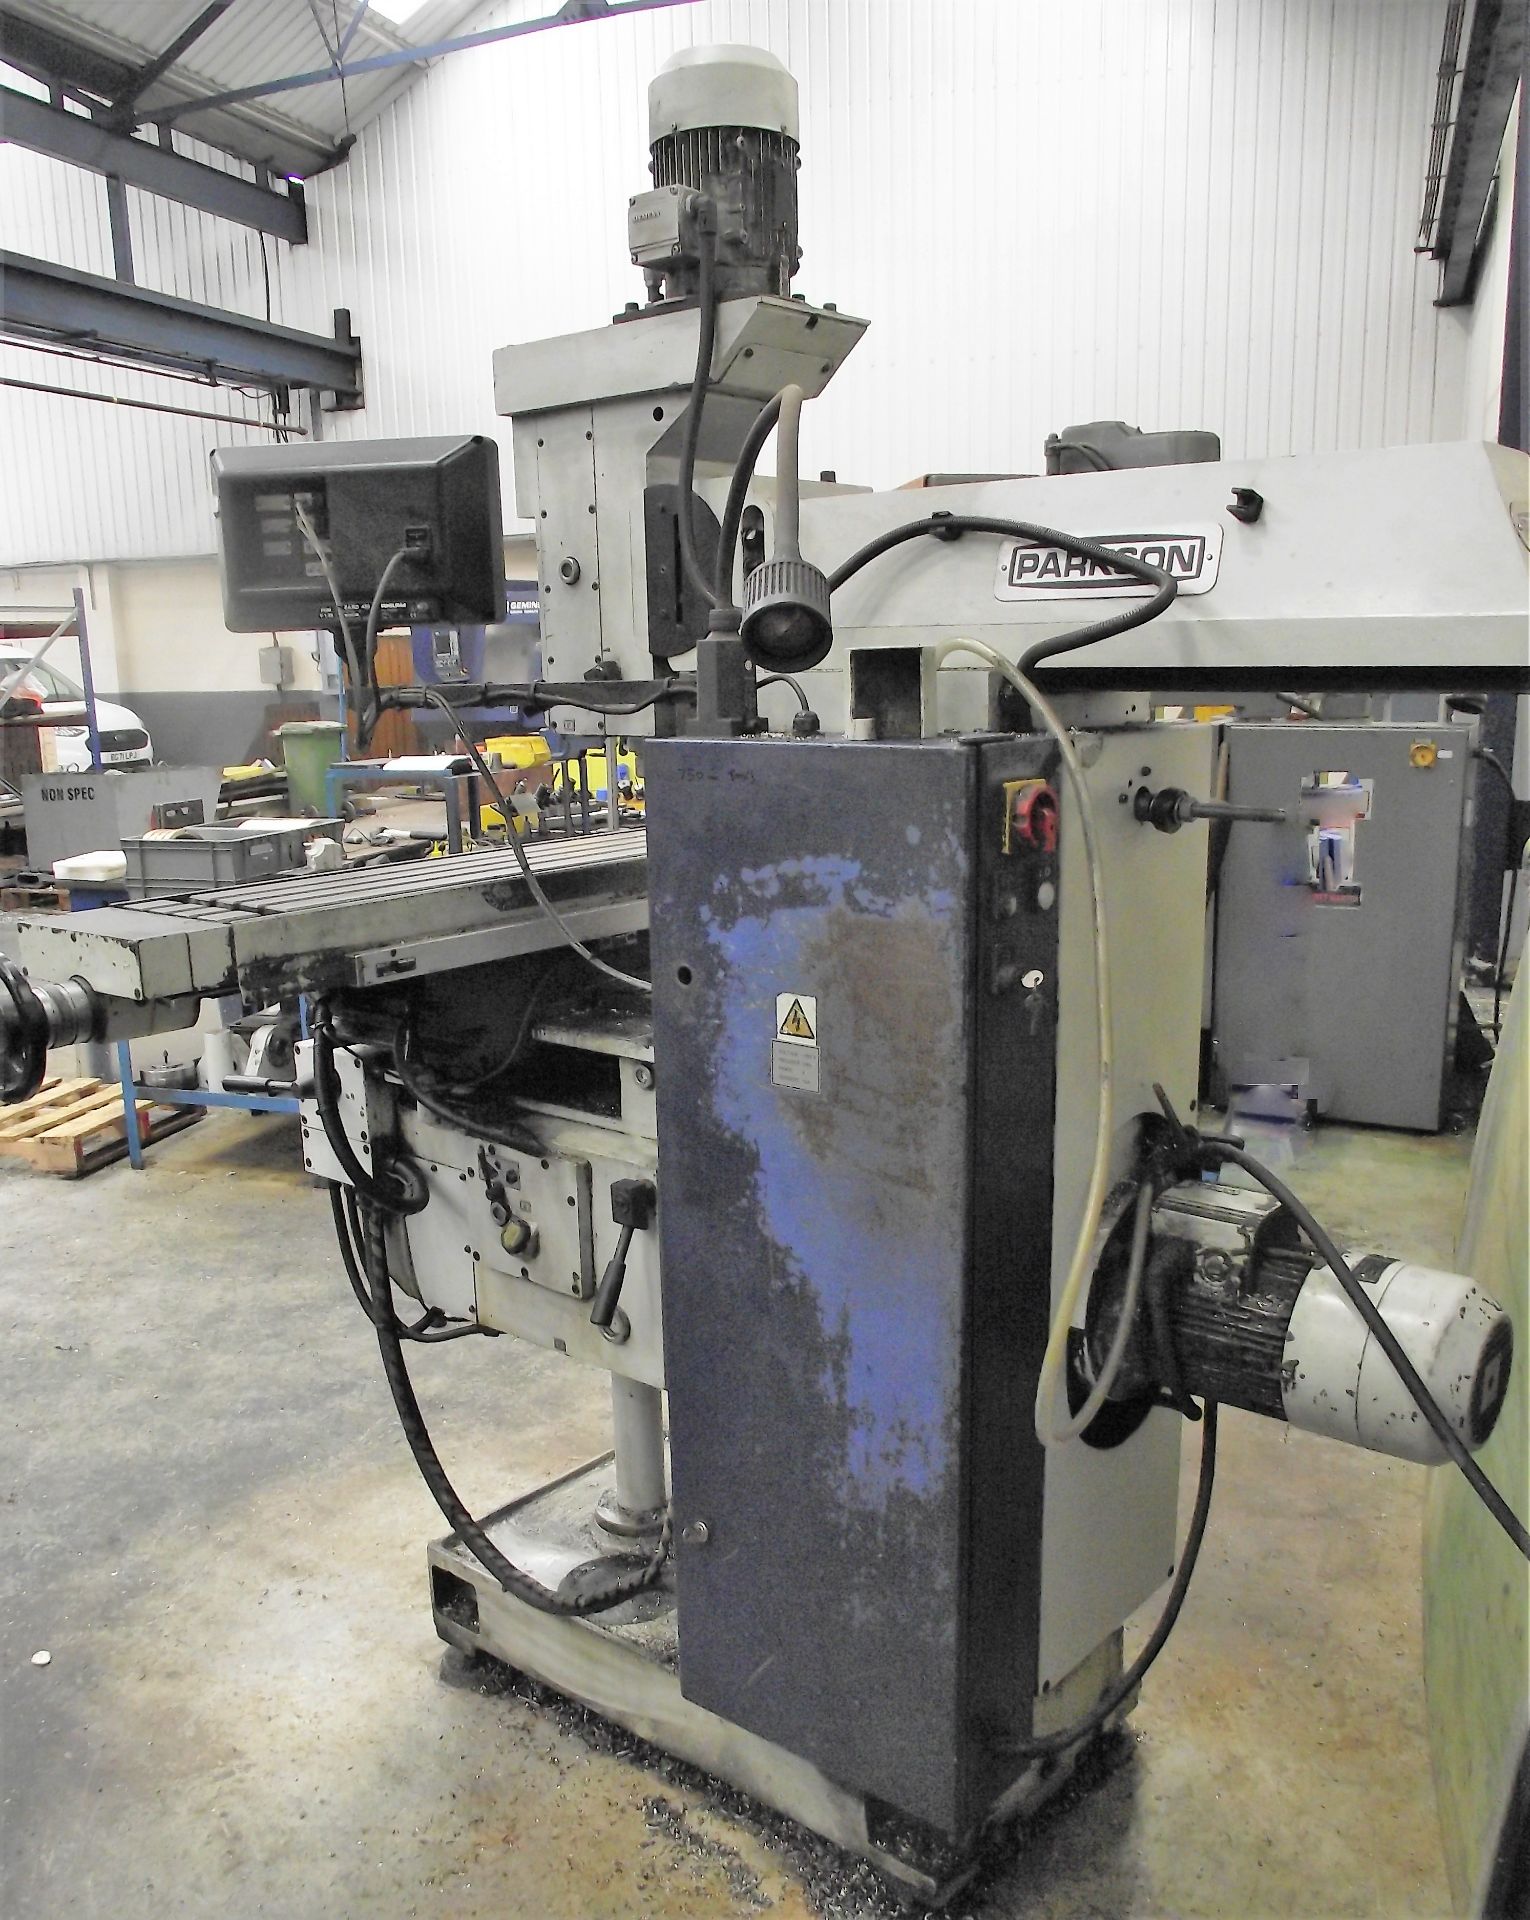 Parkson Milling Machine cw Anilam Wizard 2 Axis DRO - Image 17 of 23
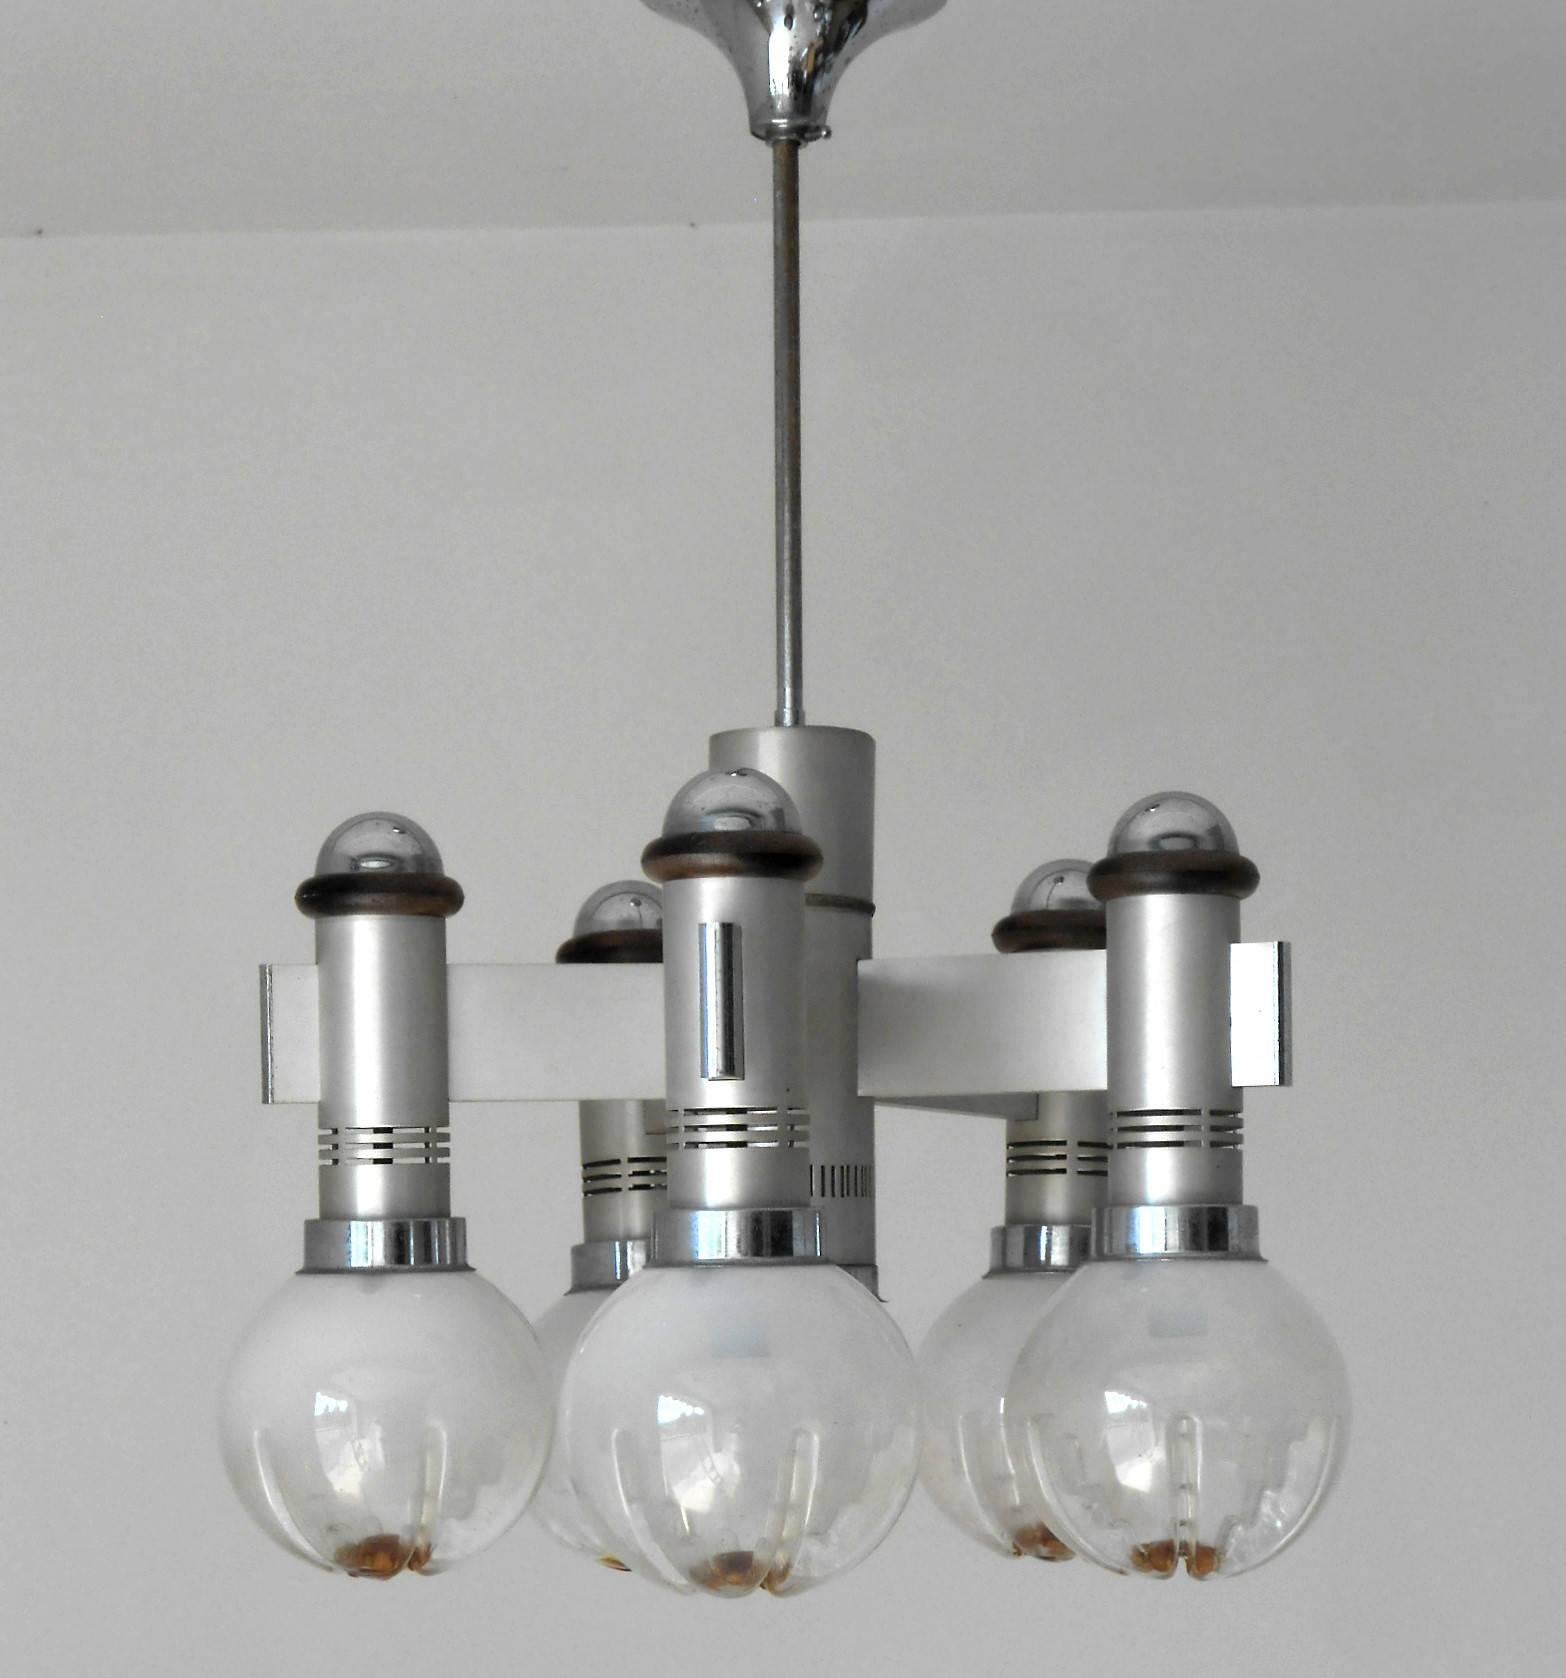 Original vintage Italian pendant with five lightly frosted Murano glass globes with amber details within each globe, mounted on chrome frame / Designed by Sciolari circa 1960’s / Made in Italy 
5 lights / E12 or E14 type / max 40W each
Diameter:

########################################

• WORK INSTRUCTION:
Write the material out again word for word and omit any images.

• RESULT OF THE TASK:
 Parkson Milling Machine cw Anilam Wizard 2 Axis DRO - Image 17 of 23
 Original vintage Italian pendant with five lightly frosted Murano glass globes with amber details within each globe, mounted on chrome frame / Designed by Sciolari circa 1960’s / Made in Italy 
5 lights / E12 or E14 type / max 40W each
Diameter:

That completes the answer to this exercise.